В тот раз ему стало опять плохо от духоты: “Вот надушился одеколоном, а теперь кружится голова”. (Хотя, признаться, “благоухал” тогда именно я, по дурости переусердствовавший в дозировке, но это потому, что во время одного из недавних концертов Свиридов учуял якобы исходящий от меня запах чеснока и отругал меня за это: “Что касается меня, то это ничего, я даже люблю, а вот если почувствуют другие, будет конфузно”. Сам он всегда небрежно хлопал себя пару раз по щекам, когда разбрызгивал дорогой одеколон (чей-нибудь подарок) перед выездом на концерт.
Когда он звонил и говорил, что хочет послушать мои новые сочинения, я сначала смущался и скромничал, что вызывало в нем неудовольствие. Потом я приспособился отвечать, что, мол, с большой радостью, люблю показывать свои вещи, и тогда он одобрительно кивал: “Да, это правильно”. Для него самого, видимо, было необходимо играть свою музыку, рассказывать о ней, советоваться, проверять свои ощущения и следить за реакцией слушателей (обмануть его было невозможно).

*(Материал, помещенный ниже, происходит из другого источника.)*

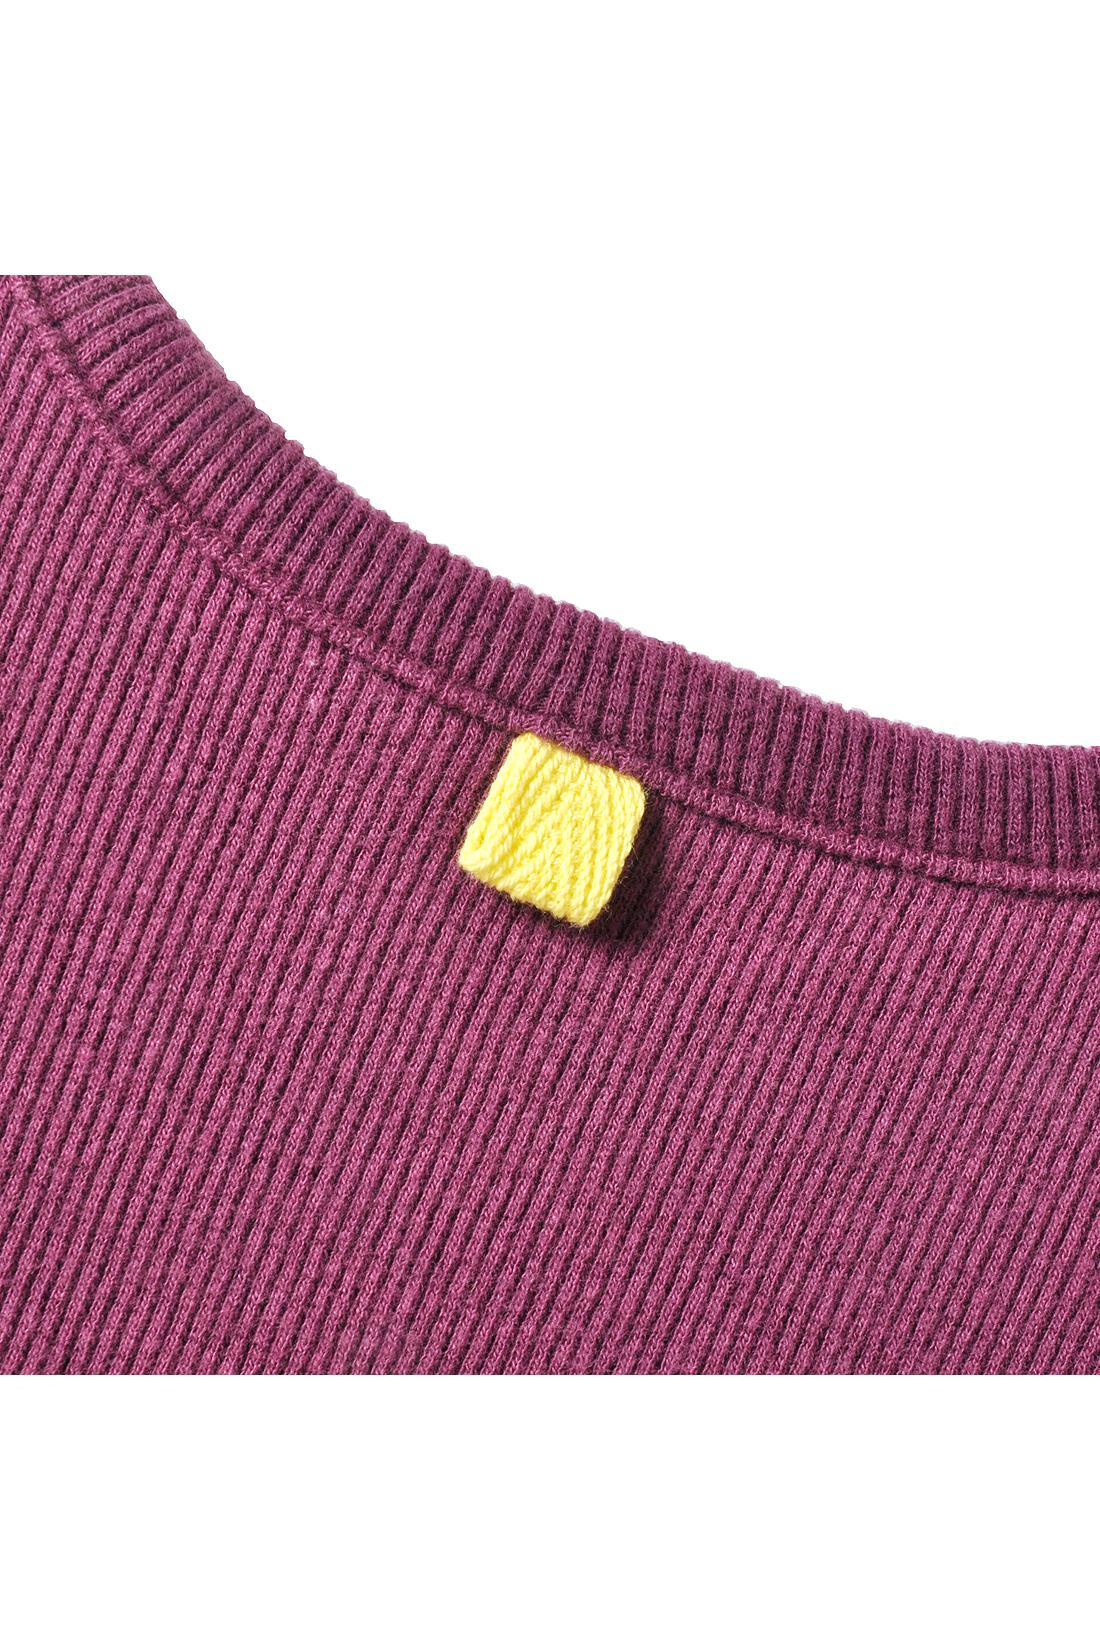 ネック部分の配色カラーが後ろ姿のアクセント。
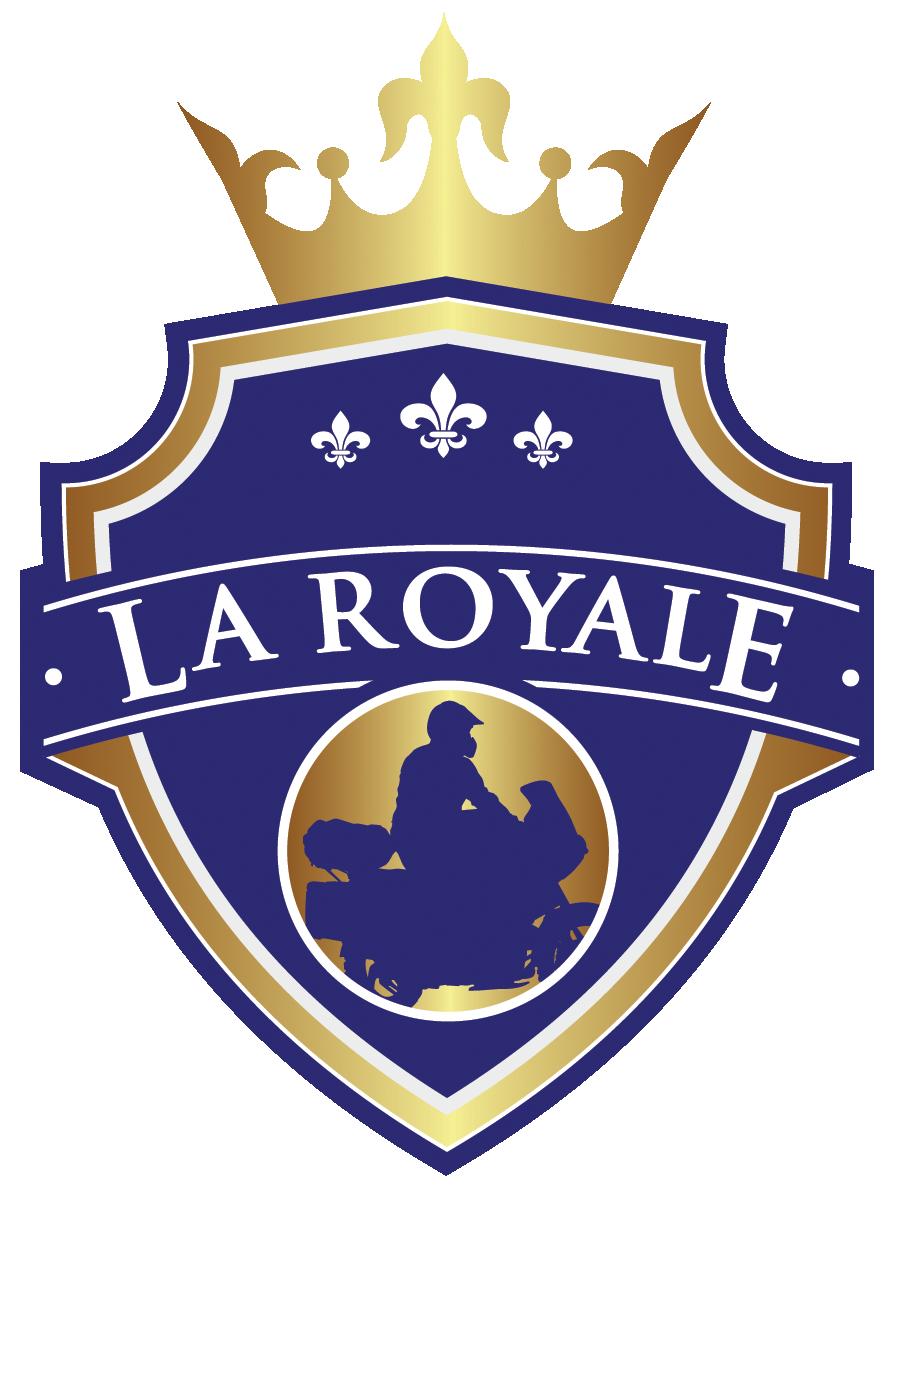 La Royale 2018

Иногда он специально приглашал к себе, чтобы показать что-нибудь из неизвестных для гостя вещей. (Боже, какое было время! Духовный огонь Свиридова преображал всю нашу общественную жизнь, какое счастье, что удалось соприкоснуться с ним, и какая печаль, что все это ушло безвозвратно!) Обычно он садился за рояль (подкладывал удобную кожаную подушечку — “подарок Ирочки Архиповой”), подпевая, проигрывал всю вещь целиком, затем начинал играть по кускам, при этом объясняя голосоведение, расположение хоровых партий, восхищаясь поэтическими образами в тексте и т. д. Иногда застревал на каком-нибудь месте, начинал повторять его, частенько находя какой-нибудь новый поворот музыкальной материи. Всяческие восхищения и восторги по поводу показываемого абсолютно не допускались и раздраженно прерывались: “Да ну, прекратите, прекратите сейчас же!” Как-то раз, когда надо было уже срочно уезжать по важному делу, на него вдруг нашла охота проиграть, как казалось, все свои вещи, и оторвать от рояля его было уже невозможно, несмотря на все старания Эльзы Густавовны и мои. Он играл одно за другим, все новые для меня произведения. “А вы знаете еще вот это, а это?” и т.д. Очень запомнилась обработка песни “Сронила колечко”, которую он чрезвычайно трогательно пропел, повернувшись головой ко мне, слегка запрокинув ее и прикрыв глаза. В другой раз, играя по нотам “Рожденные в года глухие”, на словах “то гул набата” он забыл ноту в низком регистре, как раз изображающую этот самый набат, и стал перебирать различные низкие ноты, на мой слух, одинаково хорошо подходящие к данной ситуации, наконец нашел то, что хотел, и удовлетворенно произнес: “Вот он — гул”, безошибочно определив таинственный, лишь ему ведомый правильный звук.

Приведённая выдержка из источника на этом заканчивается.